Then, you rename and configure the properties for azureDev, and you do the same for azureProd. The resulting properties might look as follows, with important changes highlighted:
################################################
#        Transformer Credential Stores         #
################################################

credentialStores=azureDev,azureProd

#credentialStores.usePortableGroups=false

############################################################
# azureDev: Azure Key Vault Credential Store Configuration #
############################################################

credentialStore.azureDev.def=streamsets-transformer-azure-keyvault-credentialstore-lib::com_streamsets_datacollector_credential_azure_keyvault_AzureKeyVaultCredentialStore
credentialStore.azureDev.config.credential.refresh.millis=30000
credentialStore.azureDev.config.credential.retry.millis=15000
credentialStore.azureDev.config.vault.url=https://development.vault.azure.net/
credentialStore.azureDev.config.client.id=devClientID
credentialStore.azureDev.config.client.key=devClientKey
credentialStore.azureDev.config.enforceEntryGroup=false

#############################################################
# azureProd: Azure Key Vault Credential Store Configuration #
#############################################################

credentialStore.azureProd.def=streamsets-transformer-azure-keyvault-credentialstore-lib::com_streamsets_datacollector_credential_azure_keyvault_AzureKeyVaultCredentialStore
credentialStore.azureProd.config.credential.refresh.millis=30000
credentialStore.azureProd.config.credential.retry.millis=15000
credentialStore.azureProd.config.vault.url=https://production.vault.azure.net/
credentialStore.azureProd.config.client.id=prodClientID
credentialStore.azureProd.config.client.key=prodClientKey
credentialStore.azureProd.config.enforceEntryGroup=false

Group Access to Secrets

As an additional layer of security, you can employ user groups to further limit access to the secrets defined in credential stores.
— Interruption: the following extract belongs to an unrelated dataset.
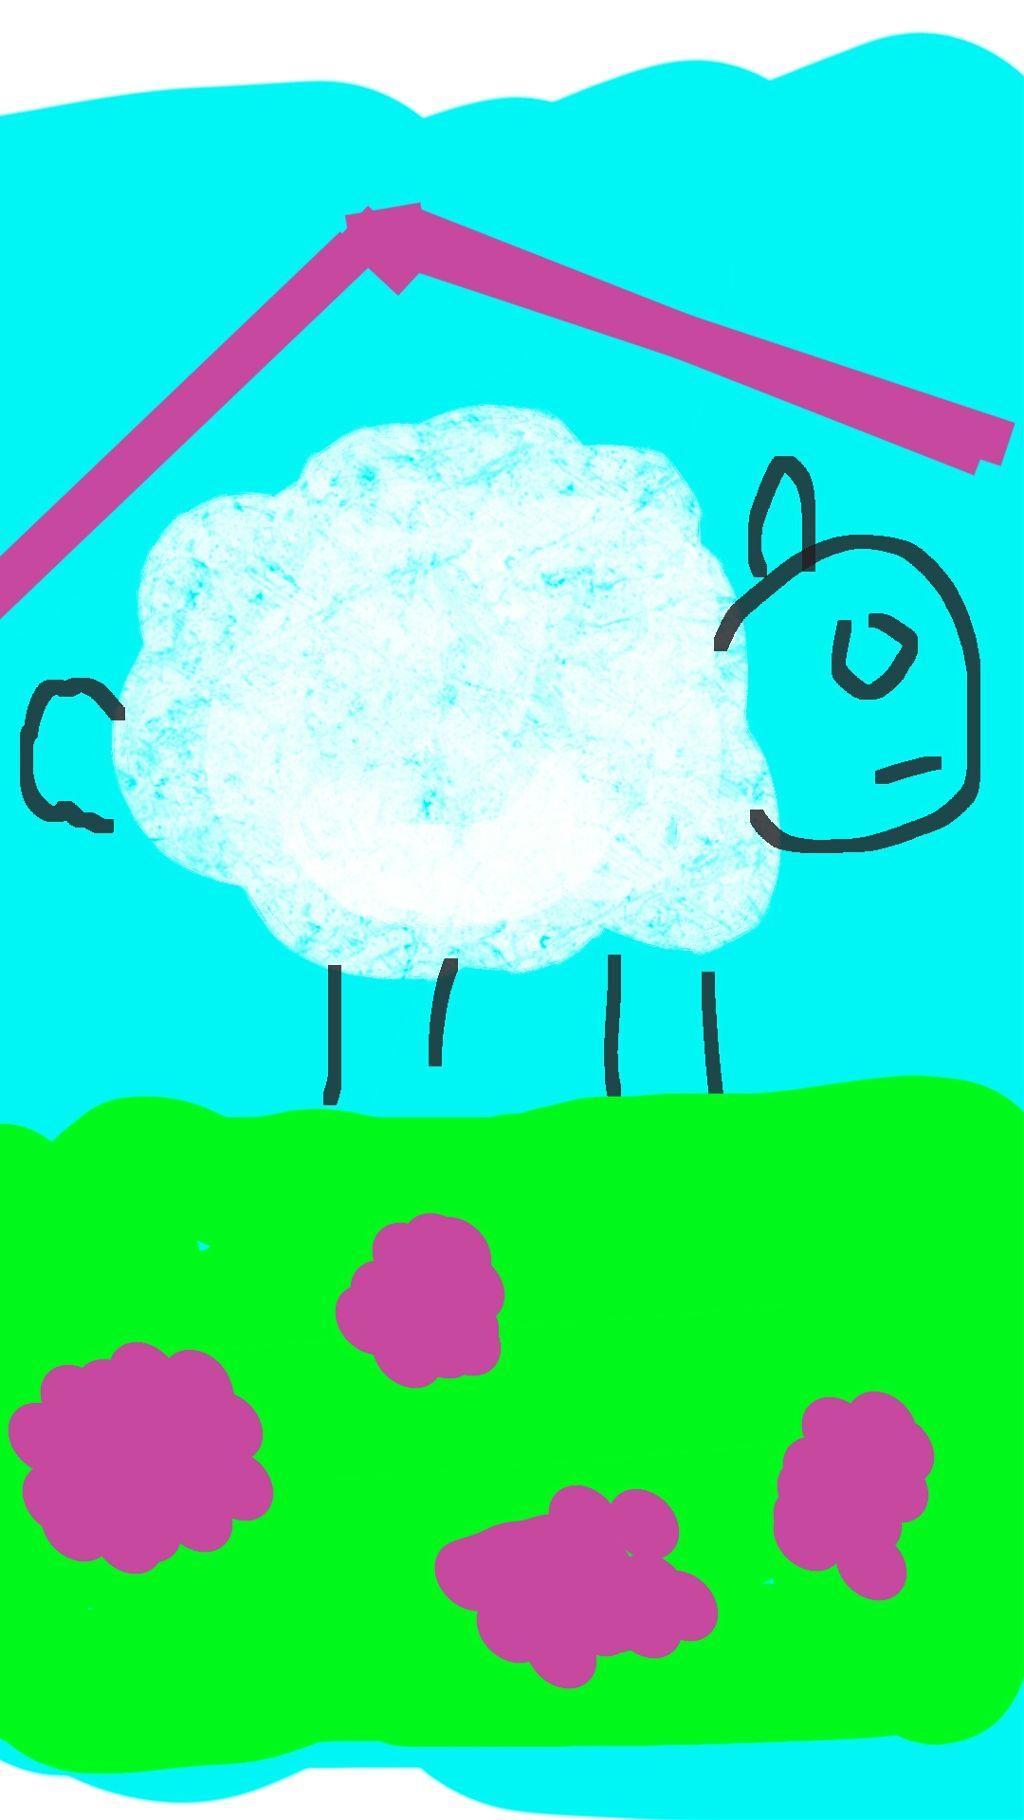 #sheep

Transformer provides two methods to limit access with user groups:
Required group argument in credential functions
Credential functions include a group argument that defines the group that can access the secret. The group argument ensures that the user who attempts to preview, validate, or start a pipeline that includes a credential function belongs to the group specified in the function. The user must also have execute permission on the pipeline.
When working only with Transformer, simply specify the group name, such as devops. When working with Control Hub, specify the group argument as follows: <group ID>@<organization ID>. For example, devops@MyCompany.
If you do not want to restrict access to a secret, specify the default all group when working only with Transformer. When working with Control Hub and a Transformer version earlier than 3.16.0, you must use the default all@<organization ID> group. When working with Control Hub and Transformer version 3.16.0 or later, you can specify the default group using all or all@<organization ID>. If you use the all group instead of all@<organization ID>, you do not need to modify credential functions when migrating pipelines from Transformer to Control Hub.
If Transformer shuts down while running a pipeline that uses a credential function, Transformer restarts the pipeline without checking the group access.
Optional group secrets in the credential store

In addition to using the group argument in credential functions, you can configure Transformer to require group secrets for a credential store.

To require the use of group secrets, in the $TRANSFORMER_CONF/credential-stores.properties file, set the credentialStore.<cstore ID>.config.enforceEntryGroup property to true.

A group secret is a secret defined in the credential store that contains a comma-delimited list of Transformer user groups permitted to access the associated secret.

When the credential store ID requires group secrets, you must define a group secret for every secret that Transformer accesses in that credential store. The name of the group secret is based on the secret name, as follows:
<secret name>-groups
When you configure a credential function to call a secret, the user group specified in the credential function must be listed in the associated group secret that is defined in the credential store.
For example, say you you work with Control Hub and enable Transformer to require group secrets for Azure Key Vault. Then, in a Azure Event Hubs origin, you use the following expression to retrieve a shared access key from the azure credential store:
${credential:get("azure", "production@MyCompany", sharedAccessKey)}
When you run the pipeline, Transformer validates all of the following:
  • The user who starts the pipeline is in the production user group.
  • The sharedAccessKey secret has an associated sharedAccessKey-groups secret defined in the credential store.
  • The sharedAccessKey-groups secret includes the production user group.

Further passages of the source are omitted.